Я испытывал очень своеобразное беспокойство, когда она стояла вблизи: разбегались мысли (хотя ни на одной всё равно не смог бы сосредоточиться); сердцебиение участилось. Я опасался нечаянно прикоснуться к ней, но в то же время, глядя на её крепкую смуглую кисть руки, мне хотелось предпринять нечто такое, отчего бы ей стало больно. Доставляло злобное удовольствие представлять, как исказится это прекрасное лицо, как расширятся и закатятся миндалевидные глаза. Я желал только, чтобы она не переставала говорить; содержание оброненных ею фраз было мне глубоко безразлично.
Неожиданно с ослепительной ясностью – словно хлынули из темноты яркие лучи маяка – обрисовались разнообразные позывы и помышления, столь волновавшие до того. Показалось невозможным, неправдоподобным, чтобы я секунду назад почти вожделел Хадижат; я отшатнулся от неё. Ну конечно, она специально выбалтывала драгоценные сведения, специально откровенничала для Тро, рассчитывая усыпить его бдительность, подладиться, приладиться, выведать, в конце концов. Но что именно?
Огненный хлыст маяка соскользнул во мрак, продолжая описывать призрачную окружность. Я уже не мог утверждать наверное, самолично ли сочинил предание о призрачных поездах или же где-то узнал о них (где?!).
Издали громко позвали: "Ходи же!.."
Хадижат с неудовольствием оглянулась.
– Всё-то им самолично откалибруй, всё-то им укажи… Видишь ли, новая аппаратура! Ну, для неё-то и аккумуляторы нашли, и бензин для фургона. Так что прости-пока, Тро. – Быстрыми шагами вернулась к операторской группе.
Скоро все они разом нахлобучили необычого вида наушники (с громадными, плотно прилегающими раковинами). Хадижат издалека делала мне (как в театре, где жест всегда крупнее, чем в жизни) выразительные знаки. Отстанет ли хоть когда-нибудь? Право слово, это уже даже не забавляет! Я отвернулся.
Краснов по-прежнему вещал с трибуны, однако теперь его голос неимоверно усиливался, приобретая непоколебимую значимость, исходя отовсюду.
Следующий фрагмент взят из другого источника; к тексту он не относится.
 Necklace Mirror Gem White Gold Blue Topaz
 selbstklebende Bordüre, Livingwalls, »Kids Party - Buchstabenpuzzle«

Генерал не использовал традиционный микрофон или другие привычные акустические средства – напротив, голос негромок, нетороплив, раздаётся как будто внутри тебя: это сокровенные твои мысли, озвученные в самой простой и ясной формулировке, и нет нужды напрягать слух, искать смысл: голос обволакивает, проникает вовнутрь, одаривает бесконечным счастьем чистого знания. Чувствую, как пересыхает во рту, ощущение времени утрачивается; не успеваю уловить момент, когда речения Краснова перетекают в бормотание. Десятки фигурок, толпящиеся под ним, становятся похожими на изваяния, словно воздух вдруг сделался вязким и оковал их; и вслед за общим оцепенением перестали раздаваться и звуки: шарканье, когда переминаешься с ноги на ногу, шелест одежды, невнятный говор, покашливание – всё разнообразие этих естественных, трудноуловимых шумов сменилось безмолвием, абсолютным, полнейшим. И без того колоссальный зал раздвигается до вселенских просторов. Как откровение, в жуткой тишине льётся голос.
– Давным-давно, во времена юности человечества, всеми были приняты простые правила, неписаные нормативные акты поведения в стае. Первое и главнейшее – не убий. Не свобода личности или неприкосновенность жилища, но именно запрет на умерщвление людей, касавшийся, конечно, не всяких, а только членов своего племени. Потеря хотя бы одного соплеменника могла существенно ослабить общину или даже поставить её на грань выживания. Мужчины охотились, женщины поддерживали очаг, шаманы обеспечивали благорасположение стихий. Каждый исполнял предопределённую роль, каждая жизнь была по-своему полезна и ценна. Ты знал, что благополучие твоей семьи зависит не только от тебя, но и от сотоварища, который трудится бок о бок с тобой, и поэтому ты оберегал его, а тот платил тебе тем же.
Но примемся говорить далее, сравнениями и выводами осветим обстоятельства. В наши дни, когда общественное устройство столь усложнилось, возникли индивидуумы – и даже целые прослойки, профессии, – которые не только не приносят пользы, не только не слагают вместе с прочими всеобщее благополучие, но паразитируют на цивилизации, на общественных институтах; люди не просто малоценные или бесполезные, но враждебные всякому социуму: творцы виртуальных миров, торговцы иллюзиями, создающие взамен действительной жизни как бы ложное подобие, призрачную тень её, которая (постепенно, со временем) уплотняется, отнимая силы уверовавших. И отныне – тень отбрасывает предмет. В подобном теневом мире возникает своя экономика, если хотите, своя культура, и государственность, и партийная борьба, и политические технологии; но как бы ни отлаживался обман, как бы ни изощрялись людишки, пришедшие (добровольное, с полным осознанием) на службу виртуальной вселенной, – всё это остаётся не карикатурами даже, а топорными подделками под истинное существование.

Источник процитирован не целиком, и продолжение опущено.